Doorgaan naar inhoud

Doorgaan naar inhoudsopgave

Onberispelijkheid

Onberispelijkheid

Eén woord in het Hebreeuws dat met „onberispelijk” wordt weergegeven, is tam. Het wordt op de voorbeeldige morele reputatie van Job en de volmaakte schoonheid van de Sulammitische toegepast (Job 1:1, 8; Hgl 5:2; 6:9). Omdat Jakob een vreedzaam, rustig leven in tenten leidde, in tegenstelling tot het ruige, avontuurlijke leven van zijn broer als jager, wordt er van Jakob gezegd dat hij onberispelijk was (Ge 25:27). Een ander Hebreeuws woord dat soms met „onberispelijk” wordt weergegeven, is ta·mimʹ; het heeft de betekenis van „foutloos; gaaf; volmaakt” (Sp 2:21; 11:5, 20). De woorden tam en ta·mimʹ komen van het grondwerkwoord ta·mamʹ, dat „volkomen zijn; voltooid zijn; tot volle ontwikkeling komen; een eind nemen” betekent (Ps 19:13; 1Kon 6:22; Jes 18:5; Jer 24:10; vgl. 1Sa 16:11, waar de zinsnede die is vertaald met „Zijn dit alle jongens?”, letterlijk „Zijn de jongens voltooid?” betekent). In de Griekse Septuaginta wordt het Hebreeuwse woord tam soms met a·memʹptos vertaald (Job 1:1, 8; 2:3; 9:20). Vormen van dit woord komen ook in de christelijke Griekse Geschriften voor en kunnen als „onberispelijk; niets op aan te merken” worden gedefinieerd. — Lu 1:6; Fil 3:6; Heb 8:7; zie VOLMAAKTHEID.

Wanneer de uitdrukking „onberispelijk” op mensen wordt toegepast, moet ze altijd als relatief, nooit als absoluut, worden opgevat. De in ellende verkerende Job maakte verkeerde gevolgtrekkingen omtrent Jehovah, onder andere met betrekking tot de wijze waarop de Almachtige de onberispelijken bezag (Job 9:20-22). Zacharias, de vader van Johannes de Doper, gaf blijk van gebrek aan geloof in Jehovah’s bekendmaking die door bemiddeling van de engel Gabriël werd overgebracht (Lu 1:18-20). Toch werden Job en Zacharias als onberispelijk aangeduid, omdat zij voldeden aan wat Jehovah verwachtte van mensen die, hoewel getrouw, met onvolmaaktheid behept waren. — Job 1:1; Lu 1:6.

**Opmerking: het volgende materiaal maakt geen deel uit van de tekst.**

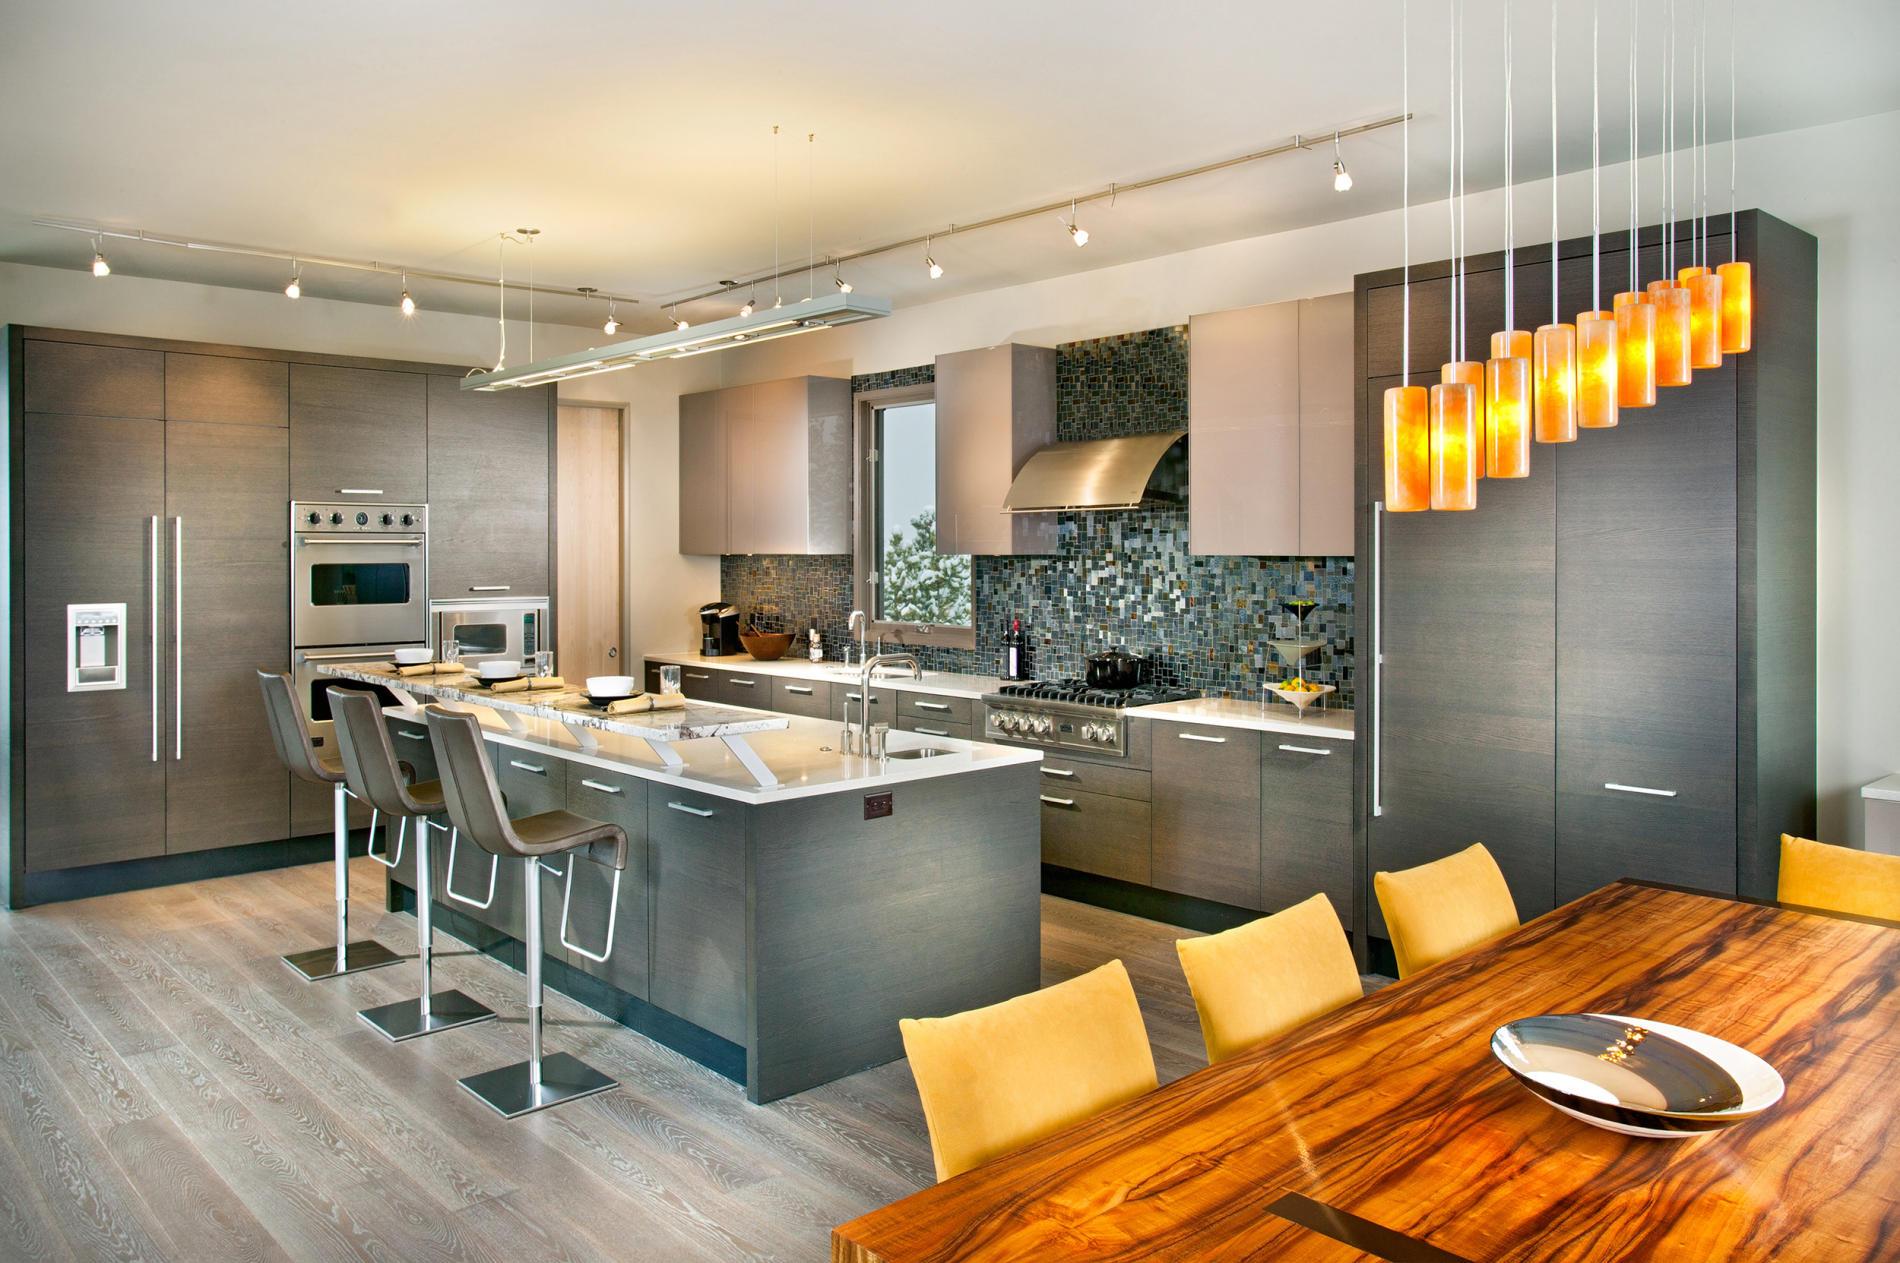 дизайн интерьера кухня пент-хаус.jpg

Voordat Paulus een discipel van Jezus Christus werd, was hij vanuit het standpunt van zijn joodse tijdgenoten bezien onberispelijk. Hij hield zich aan datgene wat in de Wet geboden werd, kwam de hem opgelegde verplichtingen na en deed niets wat verboden was (Fil 3:6). Maar Paulus bevond zich destijds niet in een onberispelijke positie voor het aangezicht van Jehovah. Als vervolger van Christus’ broeders maakte hij zich aan ernstige zonde schuldig en was een lasteraar en een onbeschaamd mens. — 1Ti 1:13, 15.

De Allerhoogste heeft een welgevallen aan degenen wier gedrag een weerspiegeling is van hun deugdzaamheid, hun zuiverheid en hun onberispelijkheid (Sp 11:20). Het is derhalve uitermate belangrijk dat christenen een onberispelijk leven leiden, zodat er geen gerechtvaardigde kritiek op hen geleverd kan worden. — Fil 2:15; 1Th 5:23.